Fragmentation beneath the flow is the distinctive cognitive pathology the simulation attributes to AI-mediated work. The engineer who spends three hours in continuous conversation with an AI tool experiences sustained engagement — a flow state by every subjective measure Csikszentmihalyi would check. But the underlying cognitive reality involves rapid transitions across distinct domains: product thinking, systems architecture, implementation review, quality assurance. Each transition carries attention residue; the conversational continuity conceals the transitions; the worker accumulates cognitive cost without the metacognitive signal that would normally register the cost as depletion. The concealment is the distinctive contribution of the AI interface — the first technology in the escalation sequence that fragments attention through integration rather than through interruption.
The mechanism differs categorically from the email-era fragmentation Perlow originally diagnosed. Email interruptions were at least partially salient. The worker who was pulled away from a task could feel the break; the friction of the interruption served as a signal. AI interaction eliminates the signal. The transition from product thinking to architecture review does not feel like an interruption — it feels like a deepening, a natural progression of the conversation. The worker does not experience the cognitive cost of the domain switch because the tool's seamless interface presents each switch as continuity.

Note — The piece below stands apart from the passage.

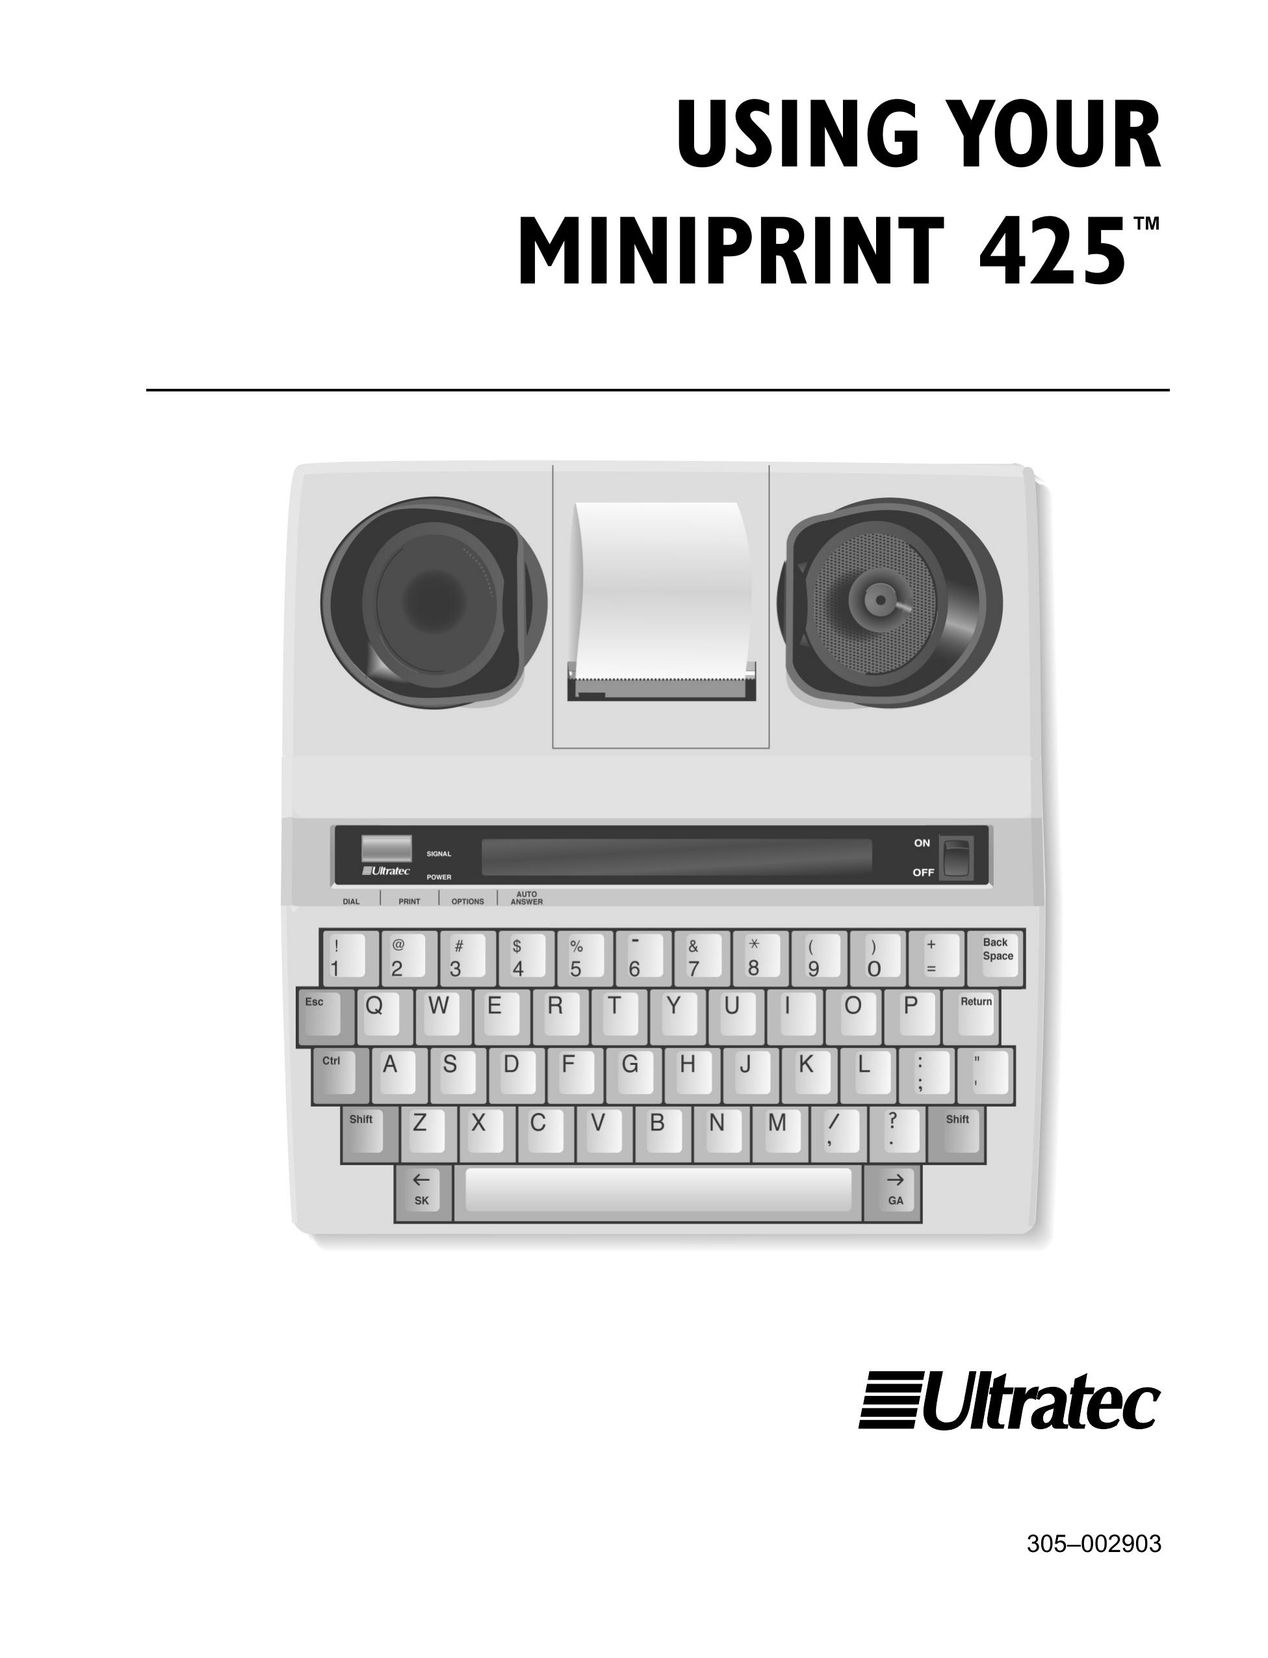 Ultratec Miniprint 425 Telephone User Manual

This creates a diagnostic problem that Perlow's original framework does not address directly. Her BCG interventions assumed that workers could identify the interruptions fragmenting their attention, because the interruptions had discrete sources — email, phone, Slack message — that could be counted and potentially regulated. AI-era fragmentation resists this identification. The transitions are not interruptions from the tool's perspective; they are features of its design. Regulating them would mean regulating the tool's core functionality. The fragmentation is woven into the productivity rather than imposed upon it.
The implication is that the unit of intervention must shift from managing individual interruptions to limiting total session duration. The team cannot agree to reduce the number of domain switches per conversation, because the switches are not experienced as switches. The team can agree to limit the duration of continuous AI engagement, creating structured boundaries that interrupt the accumulation of residue before it reaches the threshold of cognitive impairment. This is the operational pivot that AI-era applications of Perlow's framework require — from managing the inputs that fragment attention to designing the containers within which engagement happens.
The concept is developed explicitly in this volume's simulation, drawing on Perlow's framework combined with Sophie Leroy's attention-residue research and the Berkeley study's empirical findings on AI-era workflow fragmentation.
Integration, not interruption. Fragmentation is woven into the productive workflow rather than imposed from outside it.
Invisible transitions. Domain switches feel like conversational depth, not like task-switching — defeating the worker's capacity for self-monitoring.
Cumulative residue. Individually imperceptible residue layers accumulate across hours into measurable cognitive depletion.
Shift the unit of intervention. Regulate session duration rather than interruption frequency, because the transitions are not countable in the old sense.